Examples include: Opening Minds, Building Learning Power, Learning to Learn, Enquiring Minds. Such courses seek to develop students ‘capacity to learn’ and encourage active engagement in learning with a focus on developing skills and competencies. The courses are more concerned with the ‘how’ rather than the ‘what’ of learning and give less attention to developing knowledge and understanding of subjects.
Ofsted has reported negatively on these courses with respect to the geography curriculum:
‘Poorly planned and taught integrated units of work in the humanities in Year 7, often linked to general skills-based initiatives, had resulted in less geography being covered’.
Geography: learning to make a world of difference, Ofsted, 2011
What should I do if I am asked to teach another subject?
If you are teaching in a school which has adopted an integrated approach for some of key stage 3 you are likely to be asked to teach another subject. Or you may want to teach a second subject because you have some background in this from your degree study, and hope it could provide you with more options when you are seeking employment.
One advantage of teaching another subject is that you work with wider teams, share more experiences and ideas as well as learn from people you may not have a chance to work with otherwise.

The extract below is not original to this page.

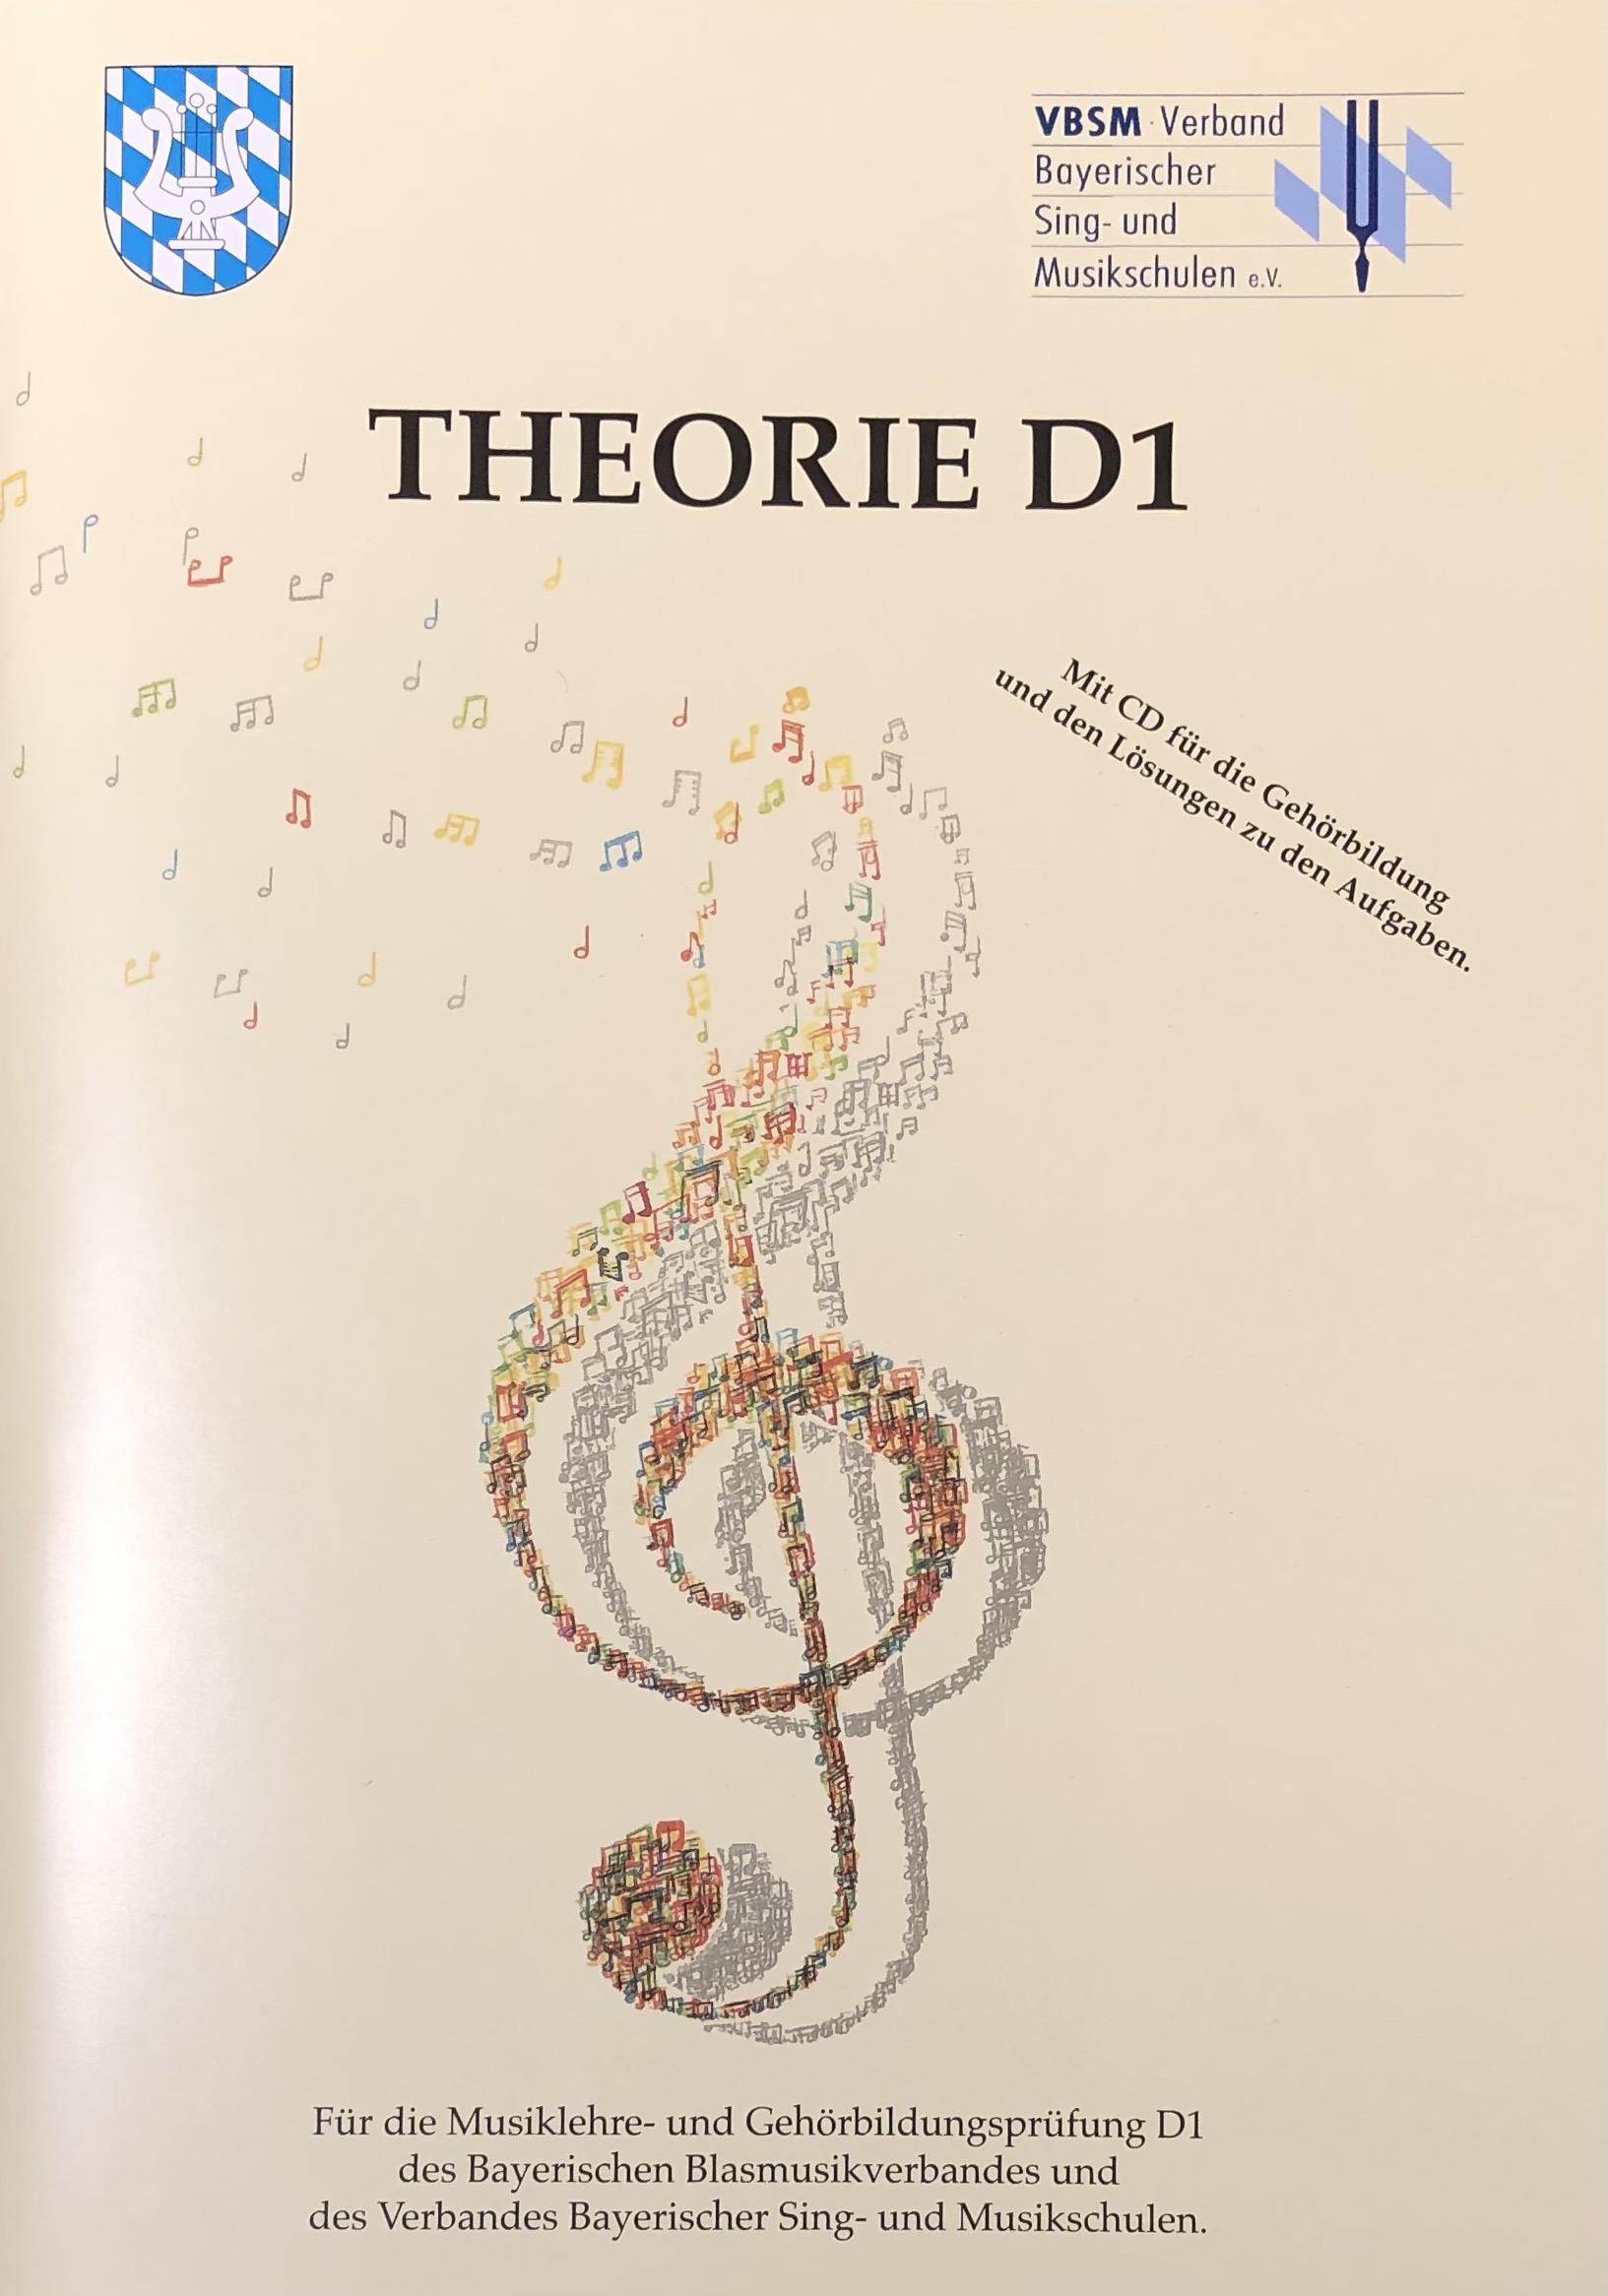 Theorie D1 - Theorie + Gehörblidung

The main problem you face, of course, is a lack of specialist knowledge. All the points made in these web pages about being secure in your geography subject knowledge apply to any other subject you may teach. It will help if you have plans and resources developed by specialist teachers from which to work, but you must be confident in your subject knowledge when you are in front of the class.
Collaborative planning and a gradual introduction to the subject are important, but there is no substitute for plenty of reading about the subject matter and listening to the advice of a specialist mentor in that subject. You must understand the objectives of any curriculum unit you are teaching in a different subject.
A good head of department will recognise that it’s very difficult to teach a subject in which you are not a specialist and will arrange professional development and help you to take on the new subject. Take all the opportunities you can to work with subject experts, so you can build up your knowledge of the subject curriculum.
Do not lose sight of the approaches to planning and teaching you have learned in geography, because there is much that will be applicable to other subjects. You should also develop resources yourself, asking a subject teacher to check the content for you, because you will feel much more confident about using these.
If at all possible, observe and team-teach with teachers in the subject. And if you have any serious concerns or questions take them to the teacher in charge of the subject in the school.